We live in modern societies that give little value to the inner world. Children are not encouraged to stay in contact with themselves. It’s no wonder to me that there are so many angry people. I know what that’s like. Forcing yourself to be spiritual is not the solution. You actually have to wade through the muck that has accumulated inside you before you begin to connect to the inner Universe. It’s there but it’s not accessible to anyone who has been walled off from their true thoughts and feelings.
Children keeping secrets of who they are to protect their parents from hearing about it become ignorant of themselves. Living that way makes for a meaningless life. It’s not surprising these people are full of rage. Trump brought these people out in the open and they are far more numerous than we realized.
We can’t just decide to be good people and love the world. We have to love and get to know our most intimate selves. We have to learn to stop hiding from ourselves. That takes the courage to befriend the so-called “shadow self.”

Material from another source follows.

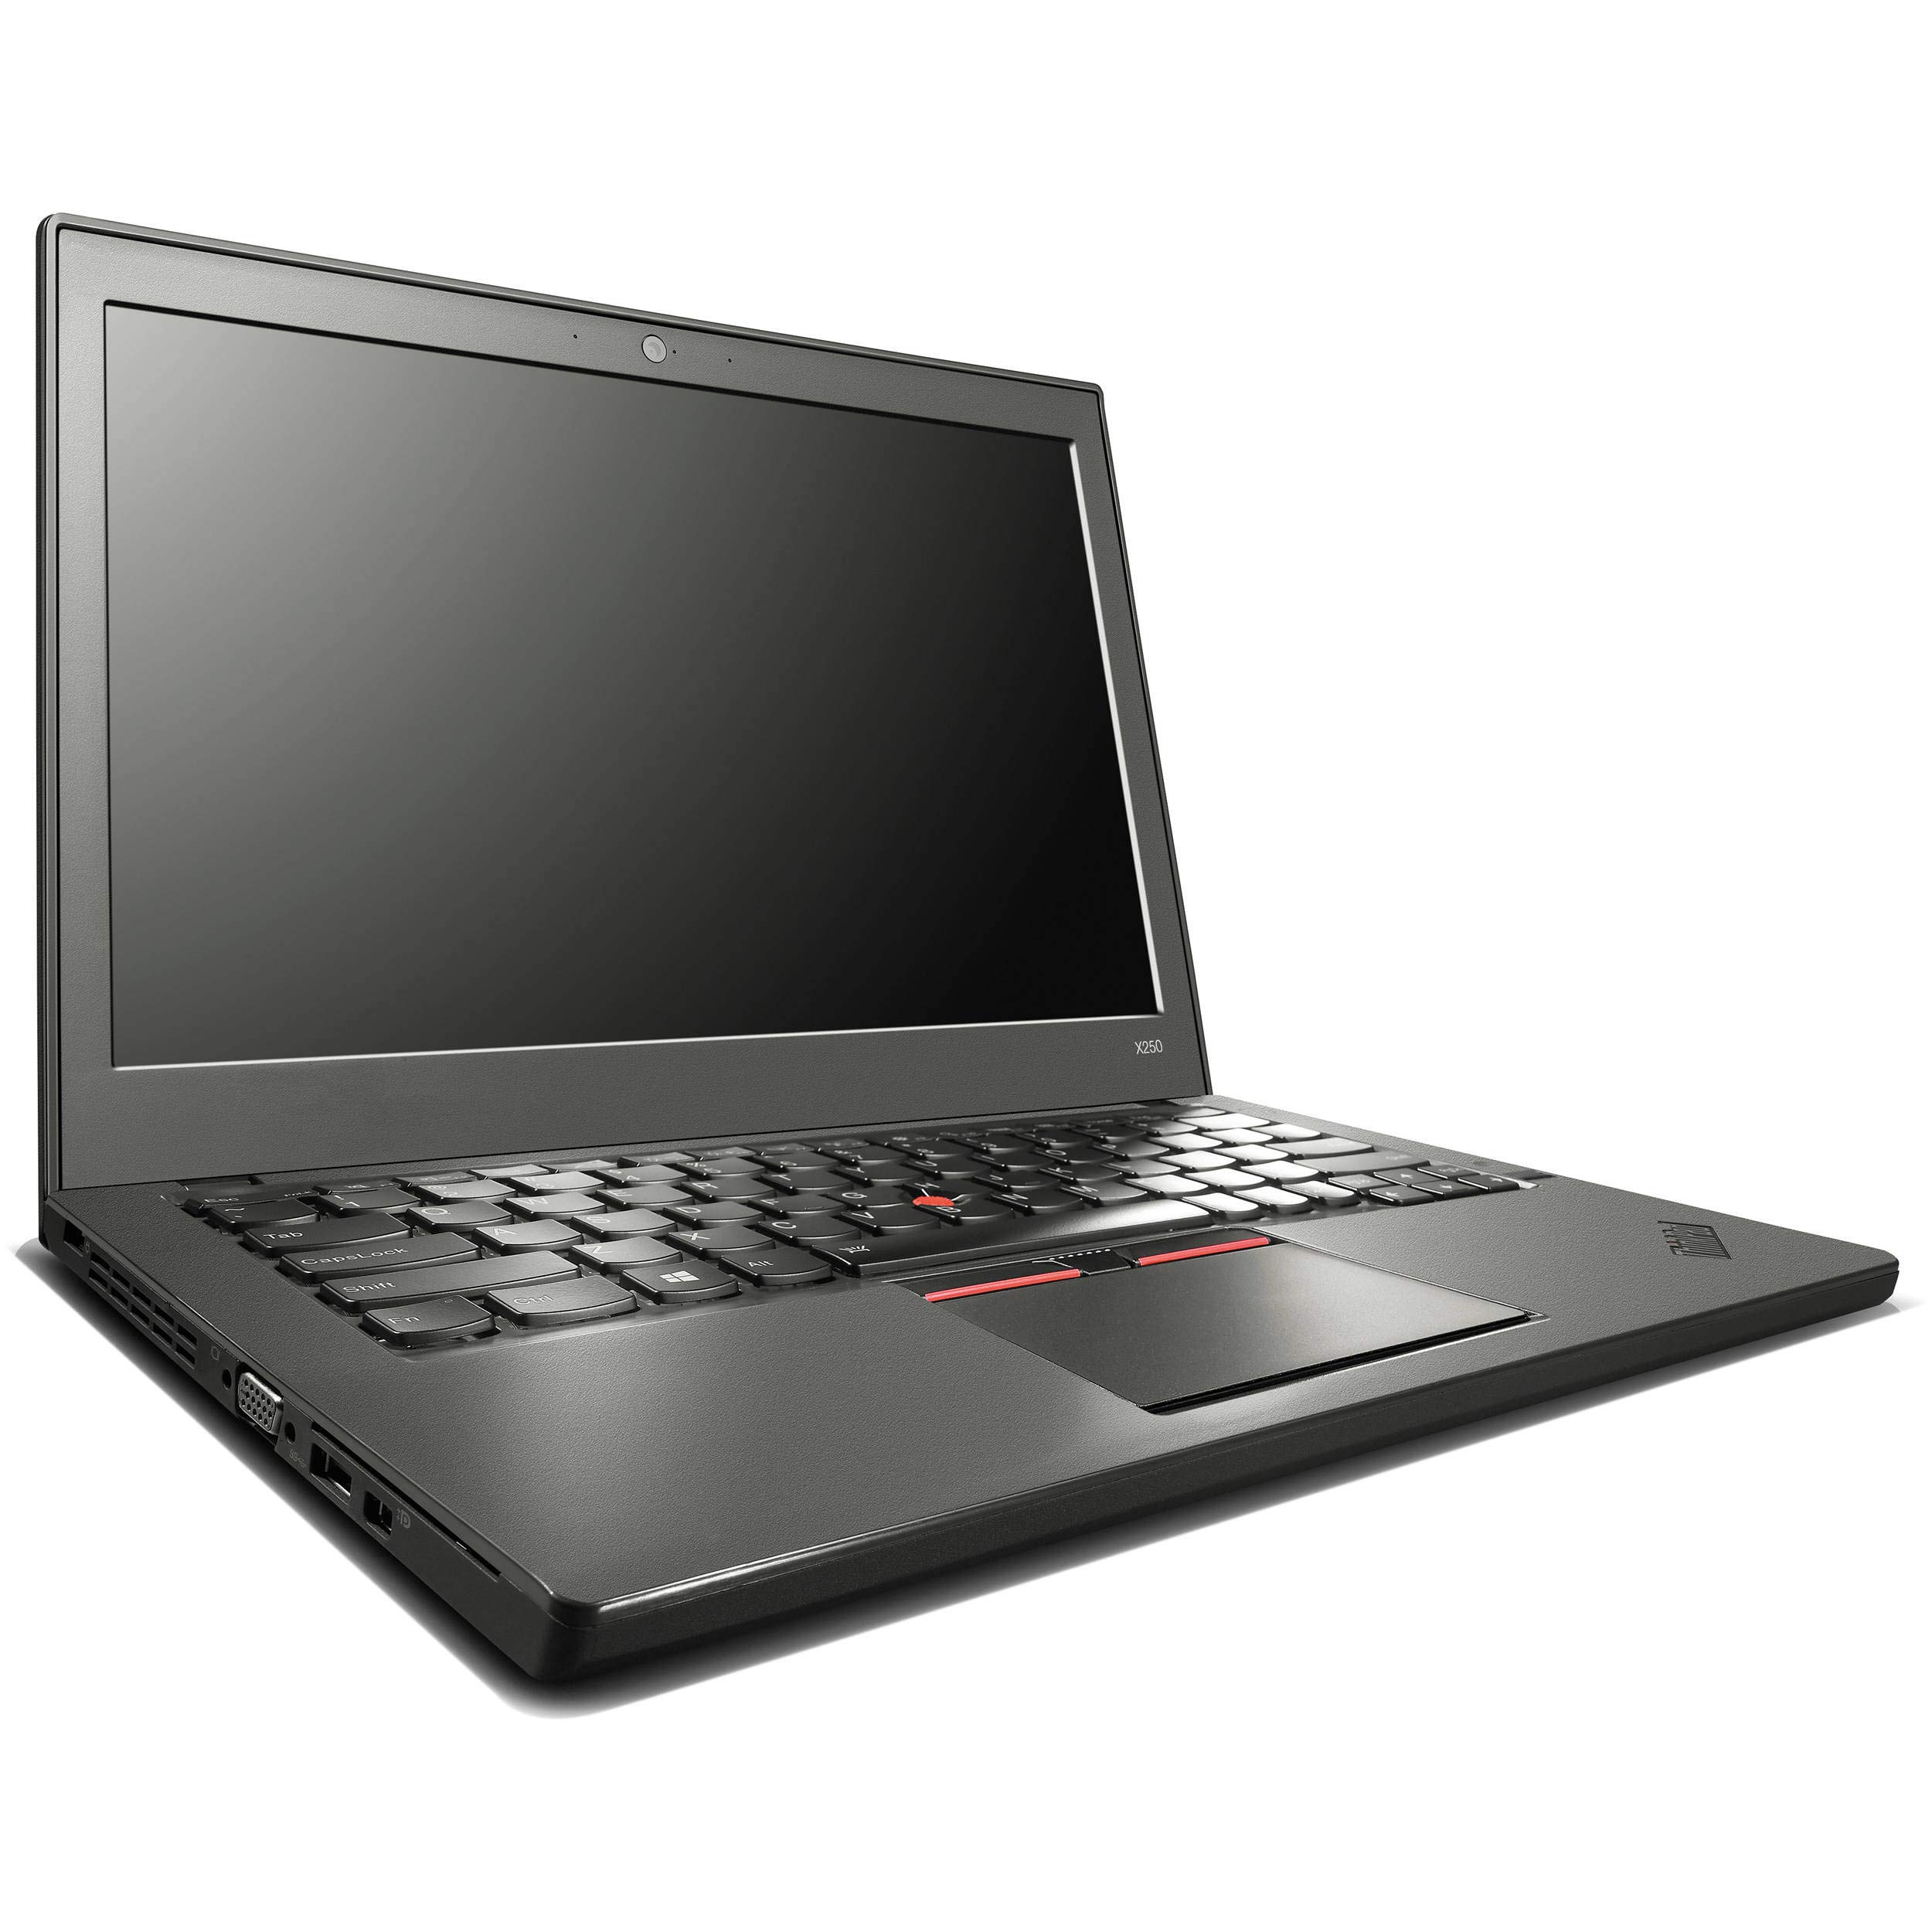 Lenovo ThinkPad X250 Ultrabook Notebook PC, 12.5in HD Display, Intel Core i5-5300U 2.3GHz, 8GB RAM, 128GB SSD, Windows 10 Pro (Renewed)

Not being listened to as a child is a violation of a child’s essential being, causing a sense of abandonment. Too many of us are furious orphans feeling isolated from everything, including ourselves. Killing is the only thing that some people can do to give themselves a feeling of aliveness. A culture that promotes this way of being is a danger to the planet.
America has gone so far down this road that turning back seems impossible. I don’t know if it actually is impossible, but if it isn’t it’s only because an aggregate number of us heal our cultural wound.
That’s the project of poets, of artists, of anyone who can still love living things.